» To do: The material below holds the lines to copy: from the one with "MSI unveils the" up to and including the one with "Cylinder podium or". Copy them exactly and skip the pictures.
─── Data records
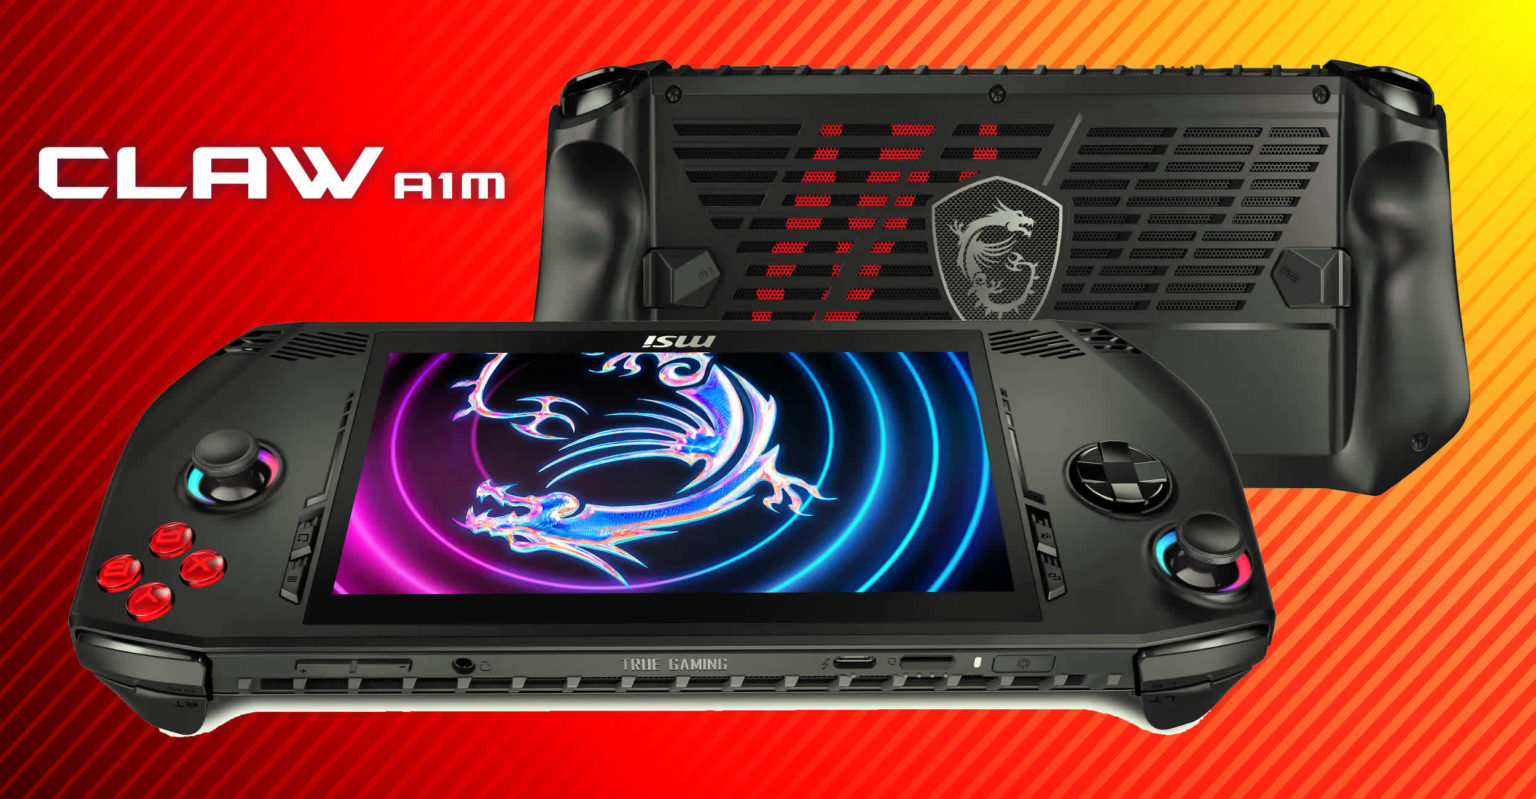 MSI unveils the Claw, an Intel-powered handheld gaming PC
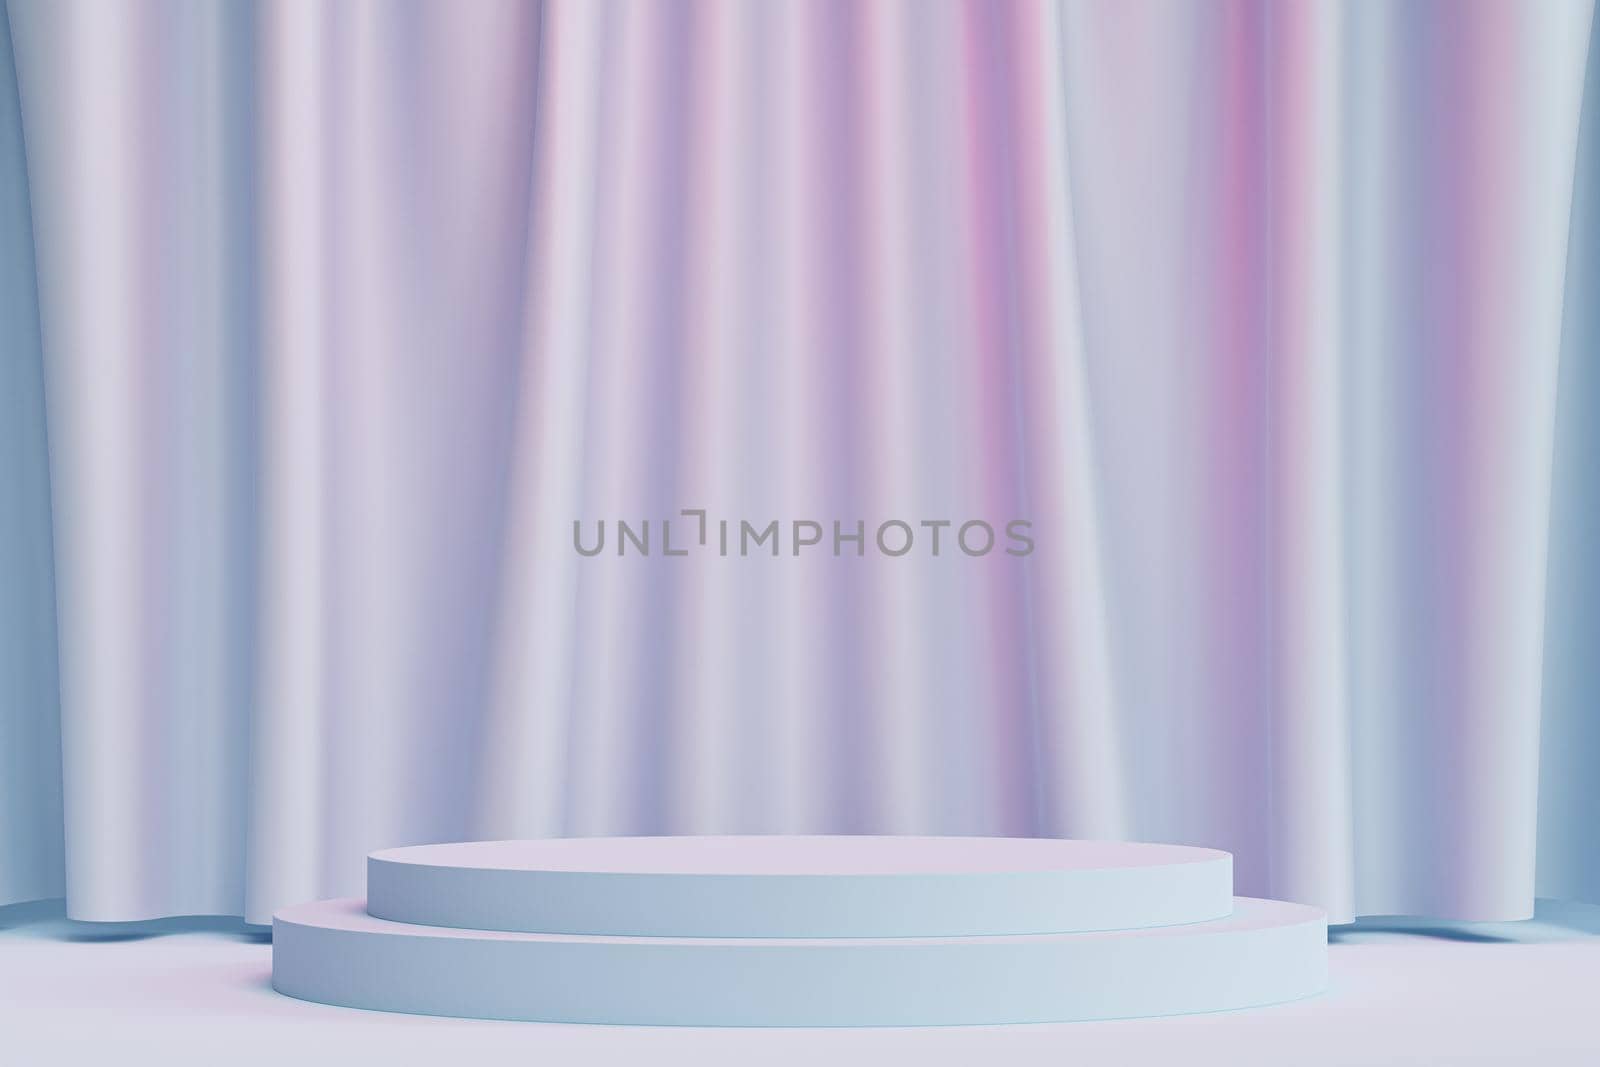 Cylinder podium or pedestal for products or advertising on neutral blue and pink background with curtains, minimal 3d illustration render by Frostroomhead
──────
─── Data records
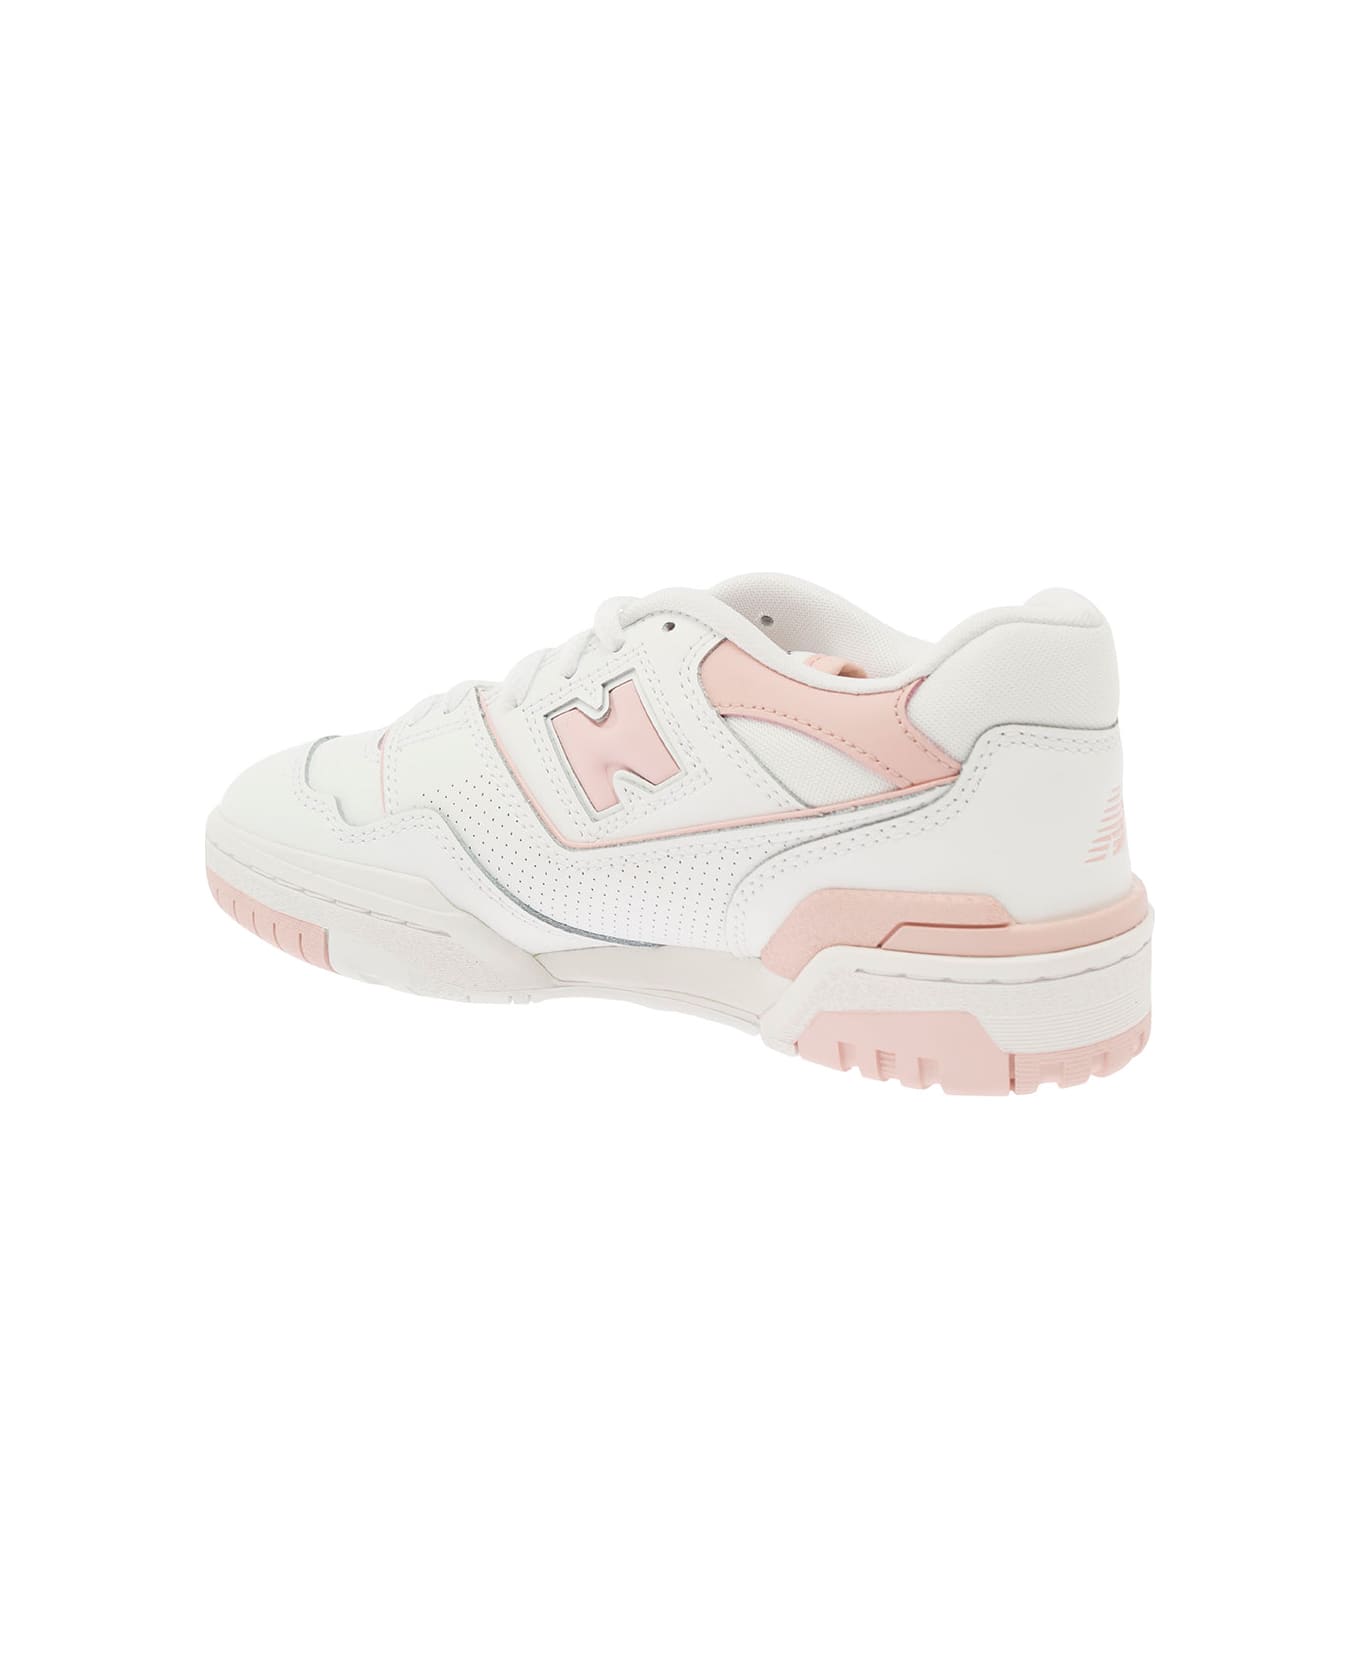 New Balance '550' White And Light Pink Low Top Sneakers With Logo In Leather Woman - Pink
──────
» Response to the task:
 MSI unveils the Claw, an Intel-powered handheld gaming PC
 Cylinder podium or pedestal for products or advertising on neutral blue and pink background with curtains, minimal 3d illustration render by Frostroomhead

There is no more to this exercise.